Een scène zich afspelend in het door gaslicht verlichte laboratorium van Robert Bunsen, dramatisch-spannend verteld en met het enthousiasme uit de begintijd van onze techniek doorspekt, werd voor de kinderen afgespeeld. Bunsen scheidde de gasvlam in een licht- en warmtevlam. Met zijn aanwijzingen vervaardigden de technici de bunsenbrander die door de toevoer van lucht de intensiteit van de warmte buitengewoon verhoogde.

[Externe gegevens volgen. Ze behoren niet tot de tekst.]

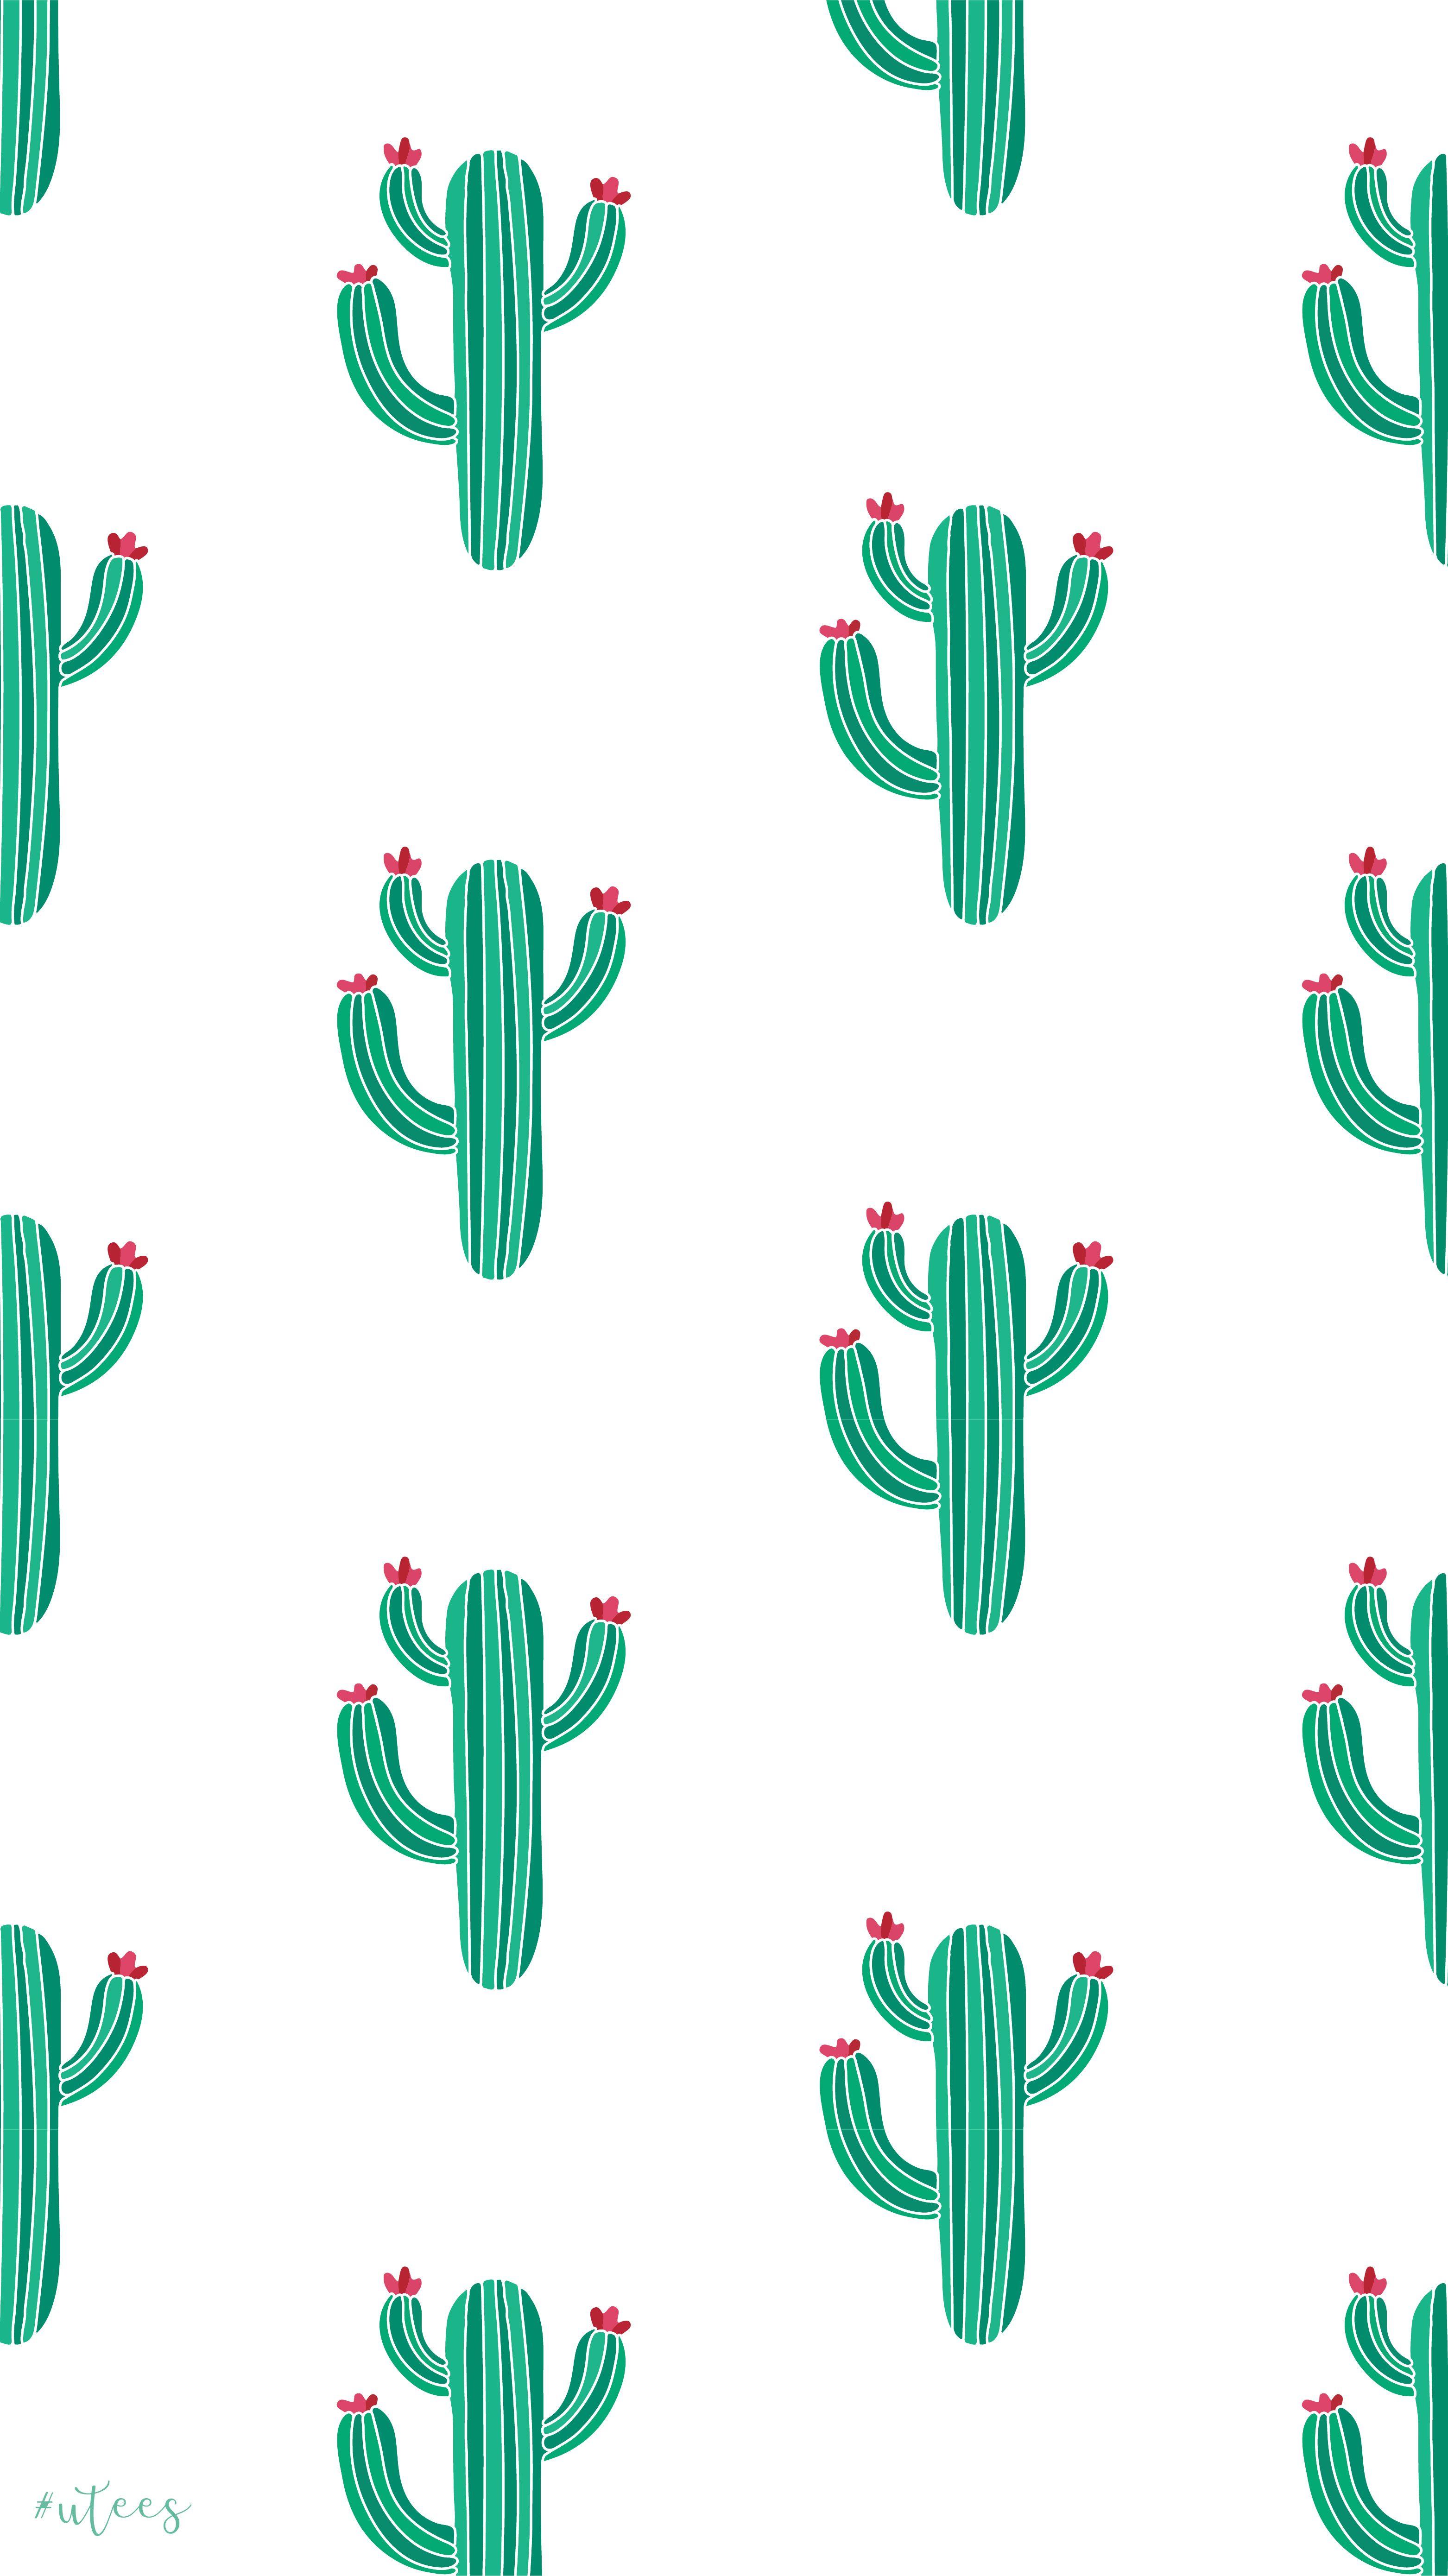 Cactus Wallpaper Design I Made By University Tees Design Team Cute Wallpaper For Phone Cute Patterns Wallpaper Wallpaper Iphone Cute

Tot aan onze gashaard – ook het vuursteentje van de gasaansteker is door de metaalverbranding te verklaren – tot aan de gasvlam bij het lassen dat in het economisch leven zoveel gemak met zich meebrengt: dat danken wij aan de eenvoudige ontdekkingen van Bunsen.
Wanneer je dan zijn betekenis voor de ontwikkeling van de scheikunde noemt, voor de spectraalanalyse, span je ook al weer een boog naar de toekomst en bereid je al voor wat pas jaren later lesstof zal zijn.
*De opbouw en het kunnen geven van de periode dank ik aan de aanwijzingen van de overleden eerste schoolarts en scheikundeleraar van de vrijeschool, Eugen Kolisko.
.
7e klas scheikunde: alle artikelen
Scheikunde: alle artikelen
7e klas: alle artikelen
Vrijeschool in beeld: 7e klas
.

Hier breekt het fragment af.